There are times when you are sure your ksuid is correct. But you need to get it from bytes or string and pass it
it's to the structure. For this, there are OrNil functions that return ksuid.Nil on error and can be called
directly in the structure.

**Functions:**
- `ParseOrNil()`
- `FromPartsOrNil()`
- `FromBytesOrNil()`

An example of using the function without OrNil:
```go
func getPosts(before, after []byte) {
b, err := ksuid.FromBytes(before)
if err != nil {
// handle error
}

a, err := ksuid.FromBytes(after)
if err != nil {
// handle error
}

sortOptions := SortOptions{Before: b, After: a}
}
```

It is much more convenient to do it like this:

```go
func getPosts(before, after []byte) {
sortOptions := SortOptions{
Before: ksuid.FromBytesOrNil(before),
After: ksuid.FromBytesOrNil(after),
}
}
```

OrNil functions are also used in many other libraries:

- [satori/go.uuid](https://github.com/satori/go.uuid)
- [oklog/ulid](https://github.com/oklog/ulid) (panic)

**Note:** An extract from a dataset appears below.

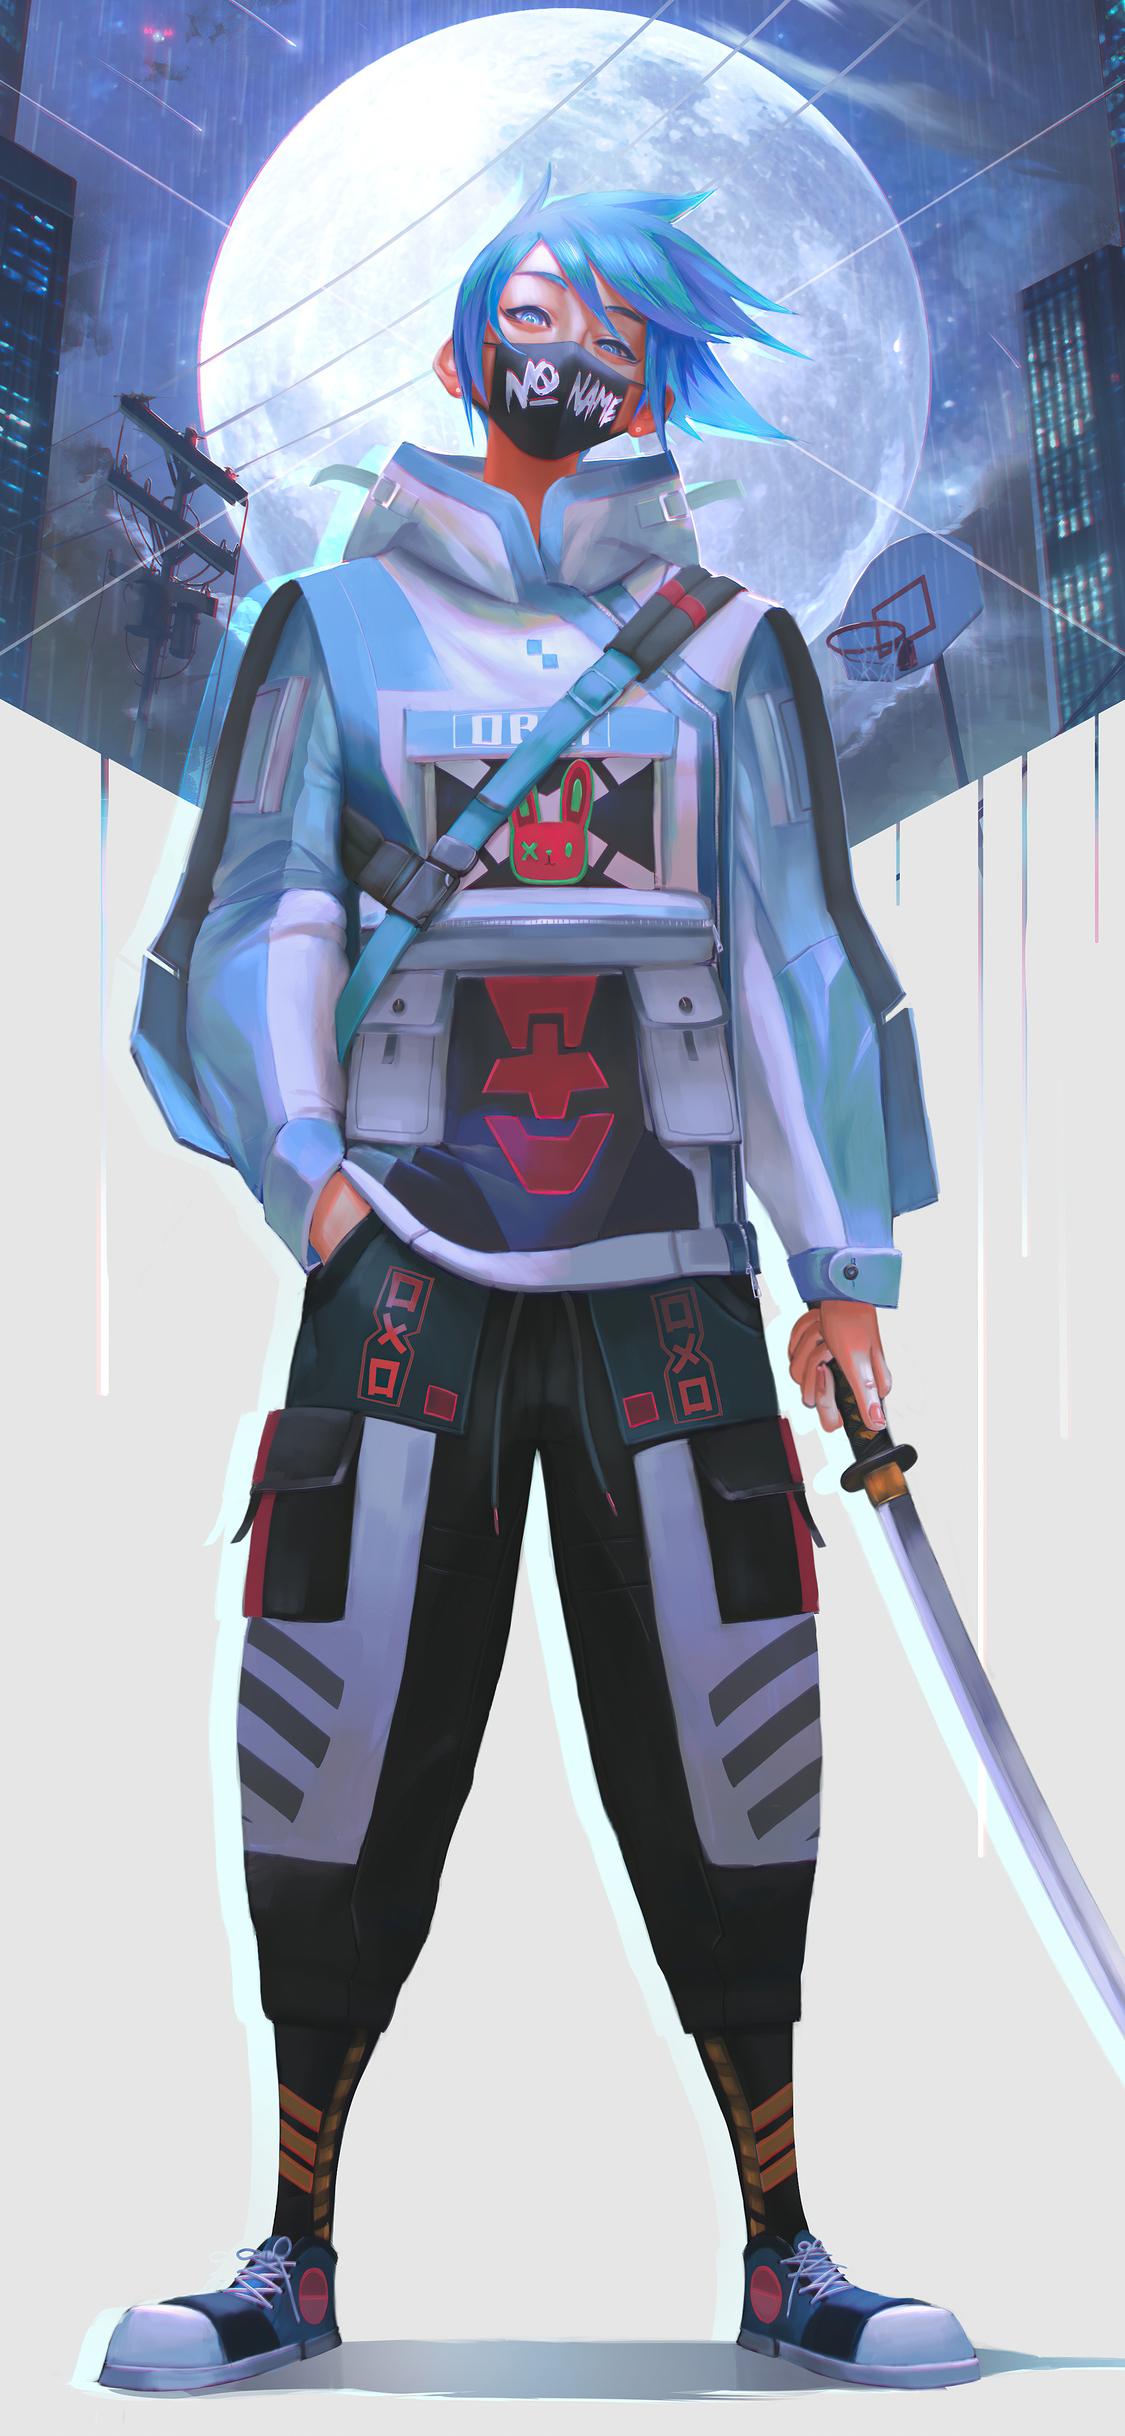 ninja-boy-with-sword-moon-4k-ex.jpg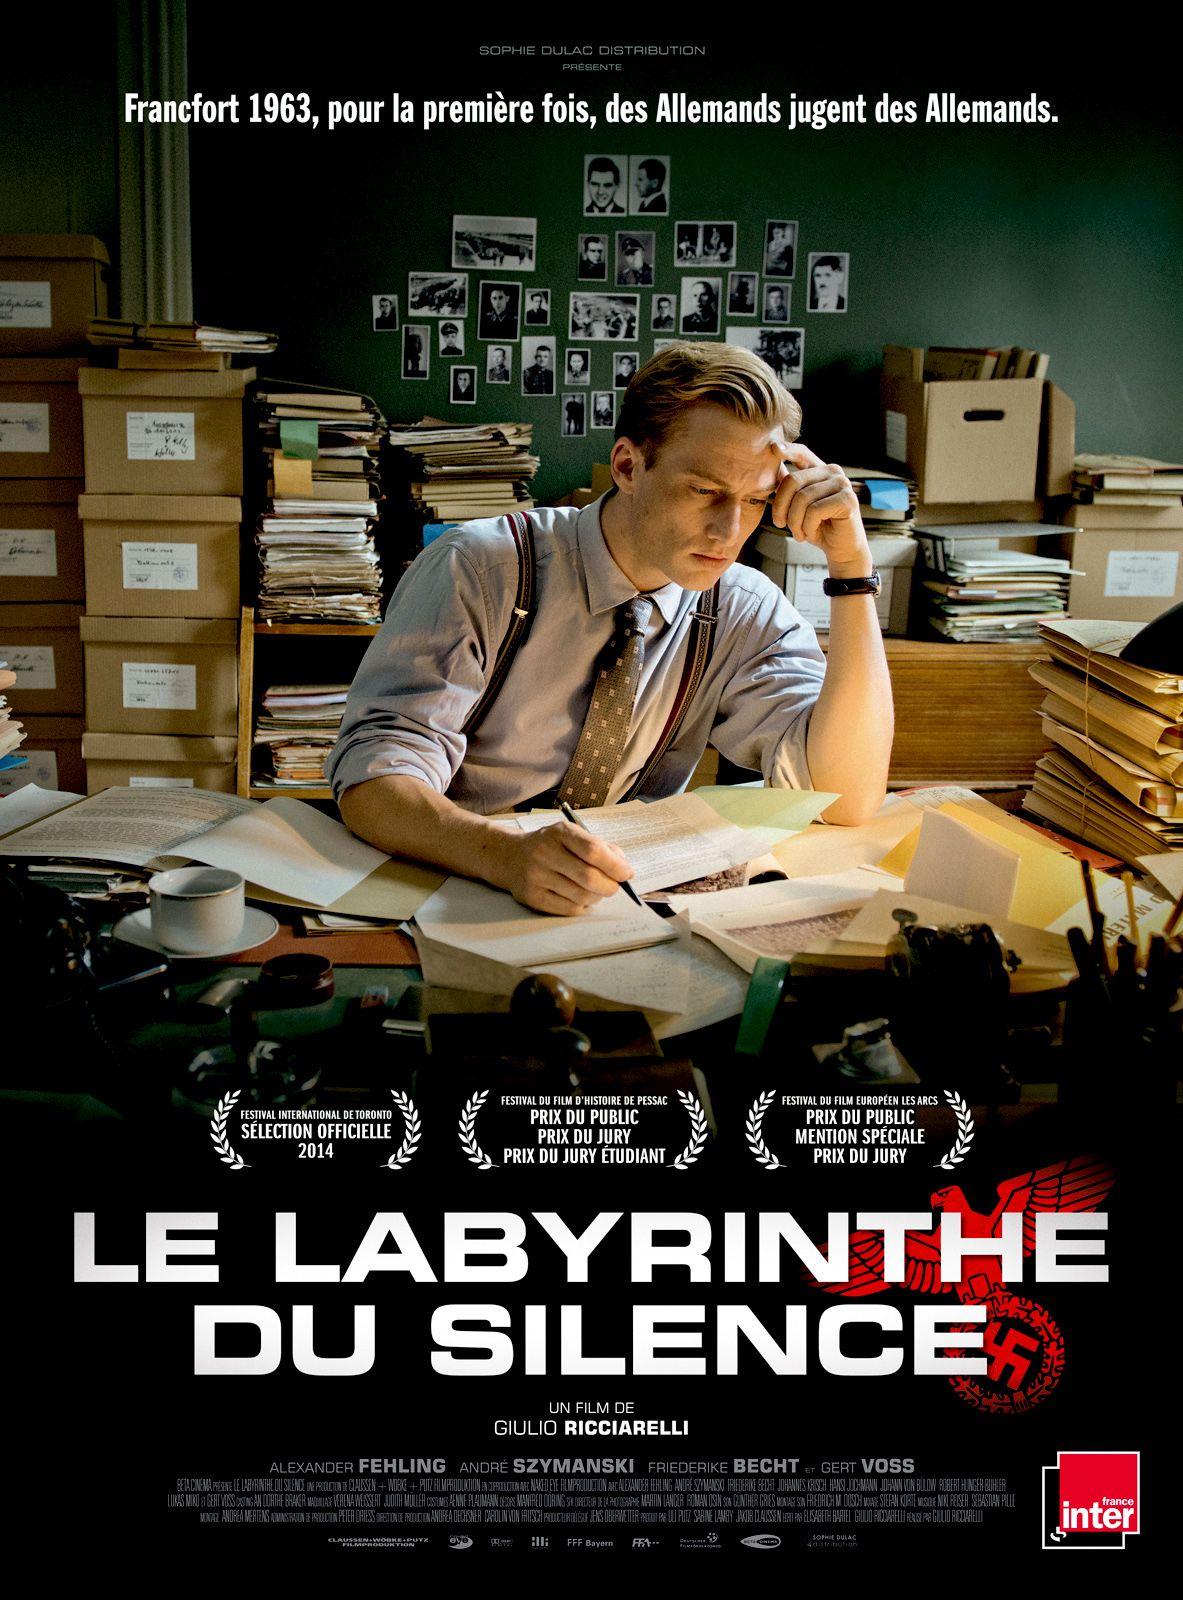 Le Prix Du Silence Film : silence, Labyrinthe, Silence, Books,, Cinema, Movies,

## Implementations for other languages

- Python: [svix-ksuid](https://github.com/svixhq/python-ksuid/)
- Python: [cyksuid](https://github.com/timonwong/cyksuid)
- Ruby: [ksuid-ruby](https://github.com/michaelherold/ksuid-ruby)
- Java: [ksuid](https://github.com/ksuid/ksuid)
- Java: [ksuid-creator](https://github.com/f4b6a3/ksuid-creator)
- Rust: [svix-ksuid](https://github.com/svix/rust-ksuid)
- dotNet: [Ksuid.Net](https://github.com/JoyMoe/Ksuid.Net)
- dotnet: [KsuidDotNet](https://github.com/steve-warren/ksuid)
- Erlang: [erl-ksuid](https://github.com/exograd/erl-ksuid)
- Zig: [zig-ksuid](https://github.com/toffaletti/zig-ksuid)

## License

ksuid source code is available under an MIT [License](/LICENSE.md).